The Kid Stays in the Picture at the Royal Court Theatre review *****

kid-stays-in-the-picture-royal-court-4291

The Kid Stays in the Picture

Royal Court Theatre, 30th March 2017

So another of life’s minor annoyances caused by devoting too much time to work and not enough time to expanding the cultural horizons. I confess I have not read Robert Evans’s eponymous autobiography on which this play is based and therefore knew nothing about him. This clearly now looks like a massive oversight and will be put right tout suite. It is a fascinating story and it is pretty much immediately clear from the off why the genius Simon McBurney and Complicite have worked so hard to bring this story to the stage (with help from some big names in cinema).

Now all you theatre lovers will know full well how much of an asset Mr McBurney OBE is to the human race. For us lesser mortals you have likely seen him in a few films (Allied, Mission Impossible, The Theory of Everything, The Last King of Scotland which I recently watched), and a bit on the telly (Vicar of Dibley and Rev for example). Now I assume these were to pay the bills and fund the adventures with Complicite which he co-founded. Most recently he created Beware of Pity in conjunction with Schaubuhne Berlin at the Barbican (no review from me as it went in the blink of an eye but an astonishing five star tour de force) and The Encounter which I also saw at the Barbican last year and which was again a staggeringly clever piece of theatre.

Now this piece uses all the tricks for which he is famous. Video on stage, recorded video, close ups of other media, music and sound collages, lighting effects including brilliant use of silhouetting, actors telling the story through microphones rather than drama per se, multiple parts. It is an astonishing technical feat to have pieced all this together – even a dummy like me can see that. Given however that this is in essence therefore just telling the first person story, in a very cinematic way, of what is on the page in the autobiography, I can see why some of the professional reviewers got a bit sniffy about whether this is proper theatre. Me I couldn’t give two hoots about the genre bending when the story is this captivating and when it is delivered at this pace. At the risk of sounding like a patronising old git (actually no risk at all for when the cap fits) I would highly recommend this to those who are not natural theatre goers but who do love their cinema.

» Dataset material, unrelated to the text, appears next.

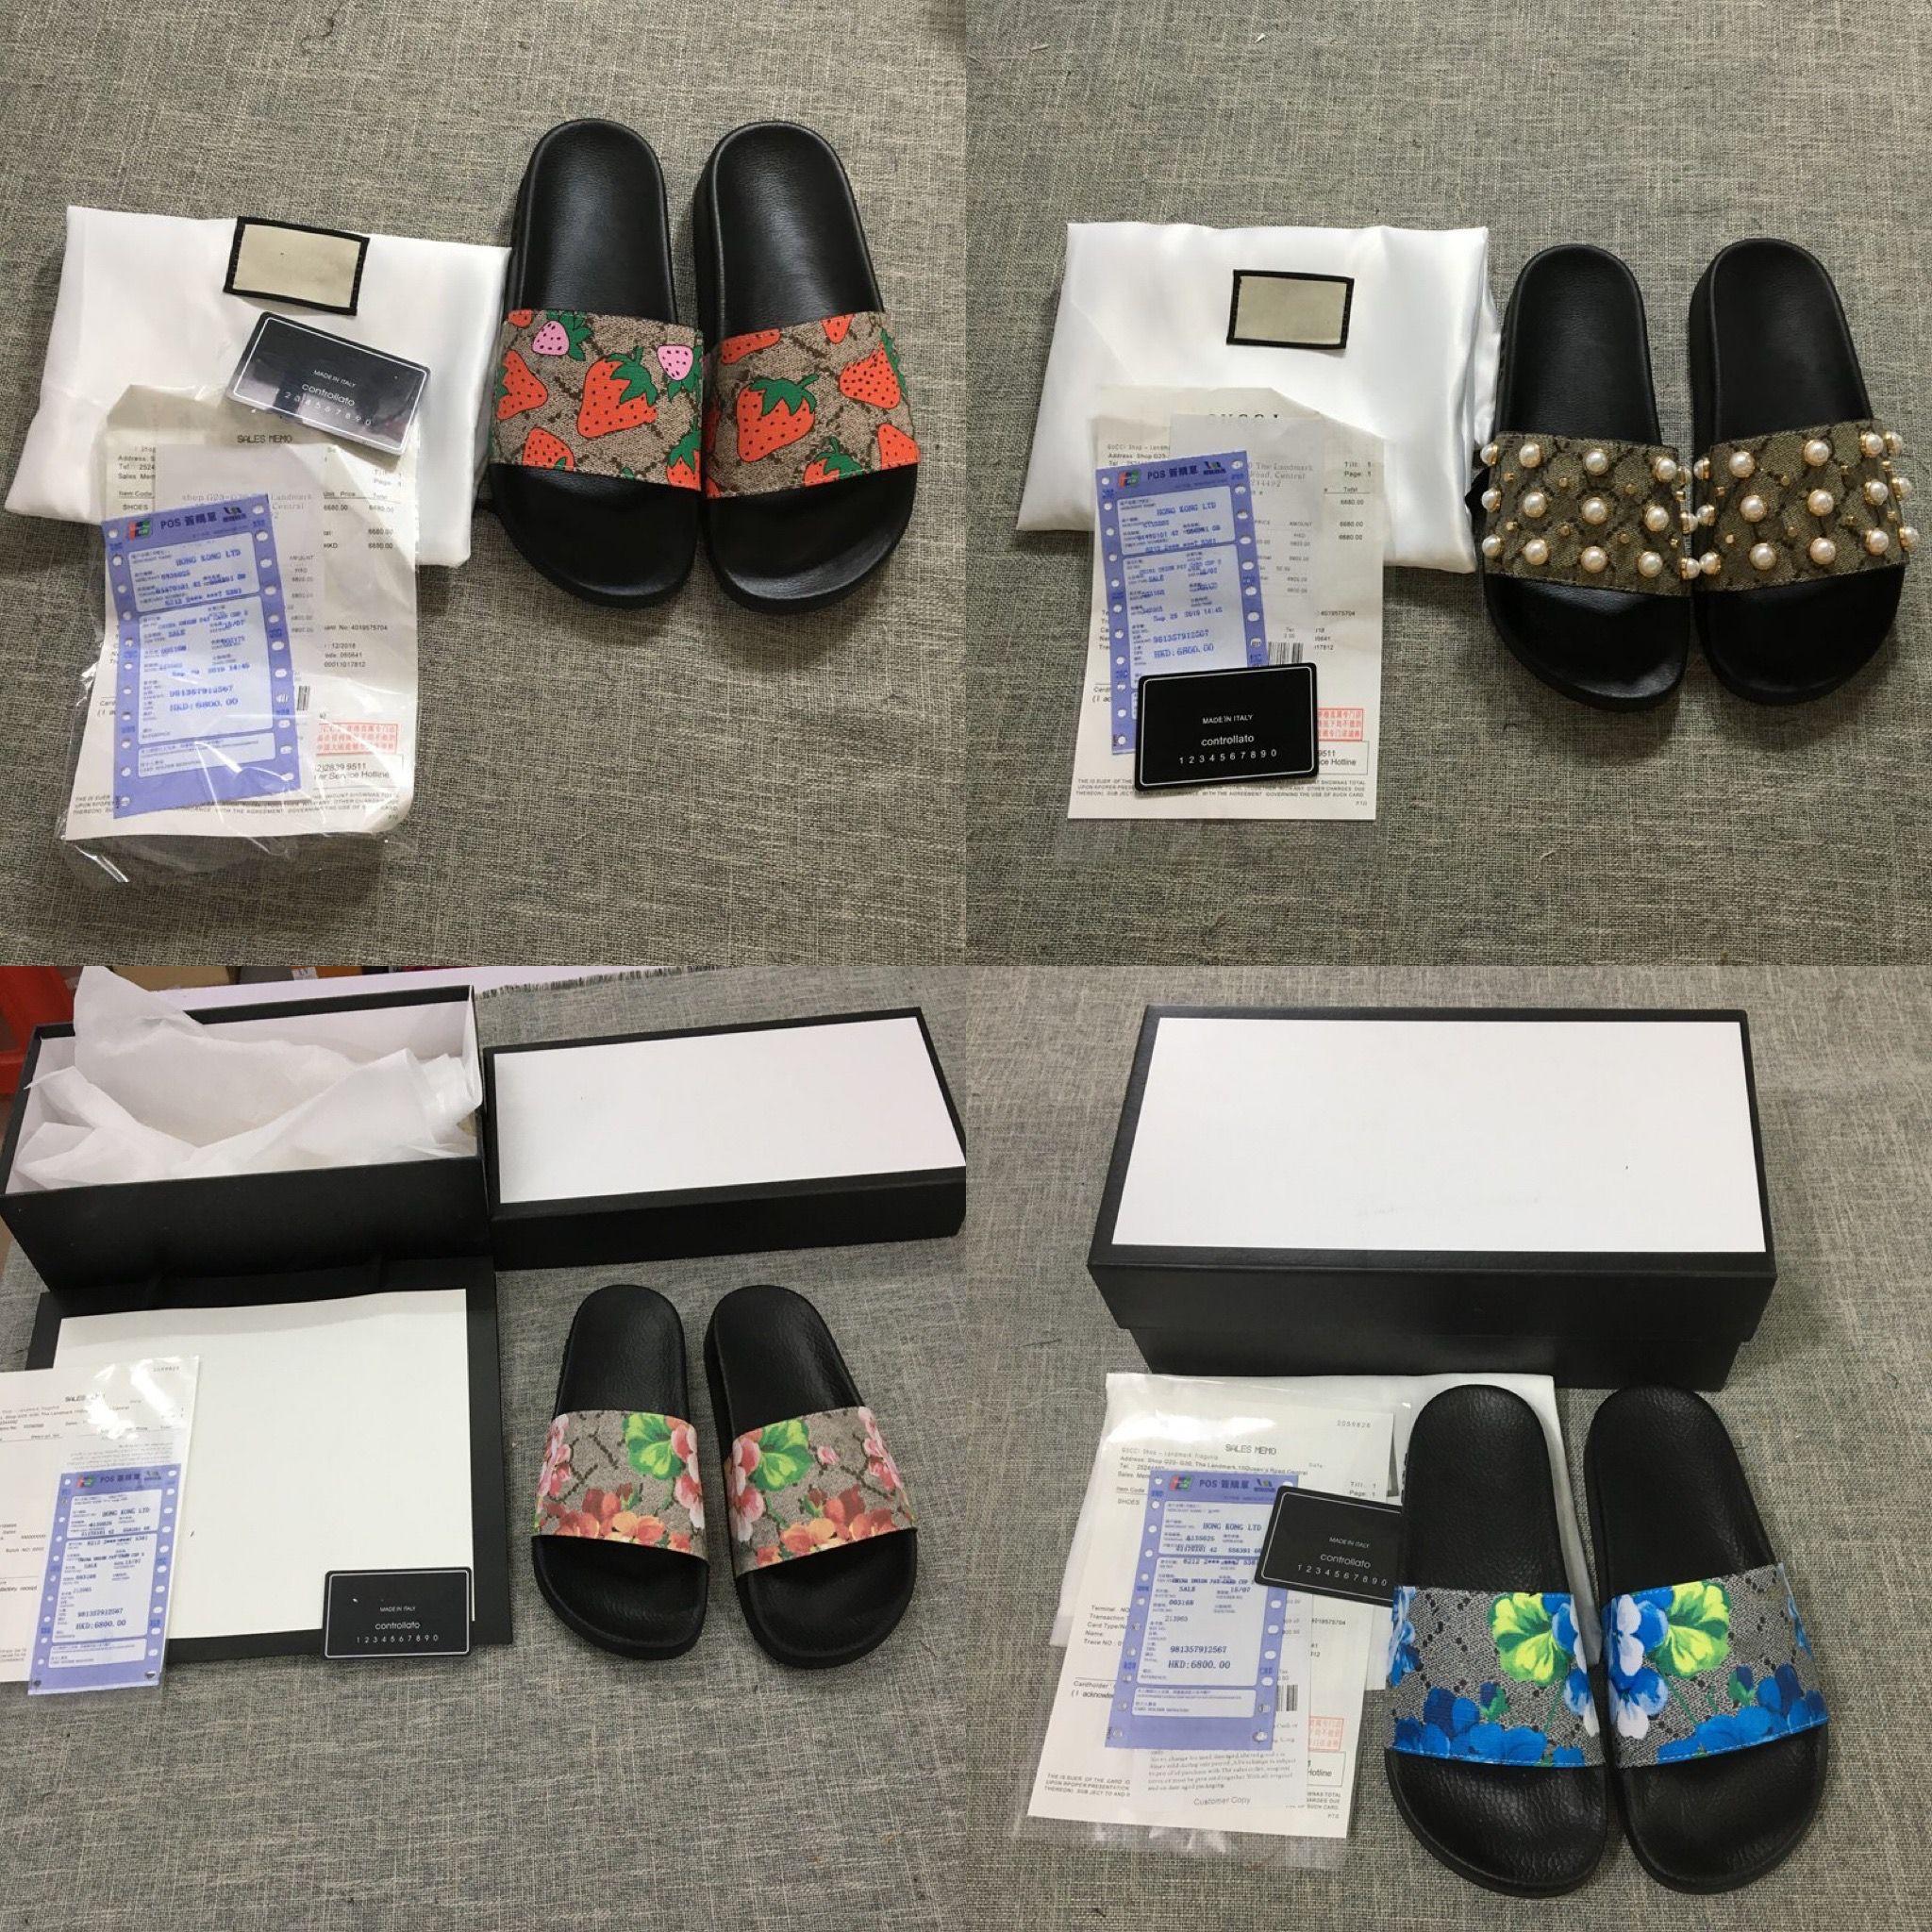 Designer Shoes diapositive Summer Beach Designer Indoor Sandali Casa Designer Infradito Coppie pantofole

This is not simply because of the content (Robert Evans was largely responsible for the rise of Paramount Studios in the 1960s and !970s and the driving force behind the likes of Rosemary’s Baby, Love Story, The Godfather and Chinatown) but also the style. There is a debt of gratitude to the likes of Citizen Kane and films from the early days of cinema, as well as to noir with the “voiceovers”, but Complicite also manage to capture this era of great “New Wave” cinema making when big characters made big films with big issues at their heart (not the silly CGI fantasies too often spat out by modern Hollywood). There is no real development of the characters so I think I now know what Robert Evans and other caught up in his story got up to (a rise and fall morality tale), though not really why, but frankly it didn’t matter to me. I just got mesmerised by the story.

So there you have it. Please go and take a look. It isn’t the typical Royal Court fare where the writer is everything (and that is why it is a precious institution) but it is still a rollickingly good evening and they even let you out for a comfort break halfway through.

P.S. This did bring to my mind two other recommendations. Firstly if you have never read Suspects by the film journalist David Thomson, please do. He takes renowned characters from cinema’s past and weaves imagined back-stories for them. Marvellous holiday reading. And secondly if you are a youngster and have never sat down and watched the Godfather trilogy please put this right. I accept that by Part 3 Al Pacino is having to make herculean efforts to prop up a creaky plot but Parts 1 and 2 are about as good as film gets. Ask your Dad if you don’t believe me. If he doesn’t agree get a new Dad.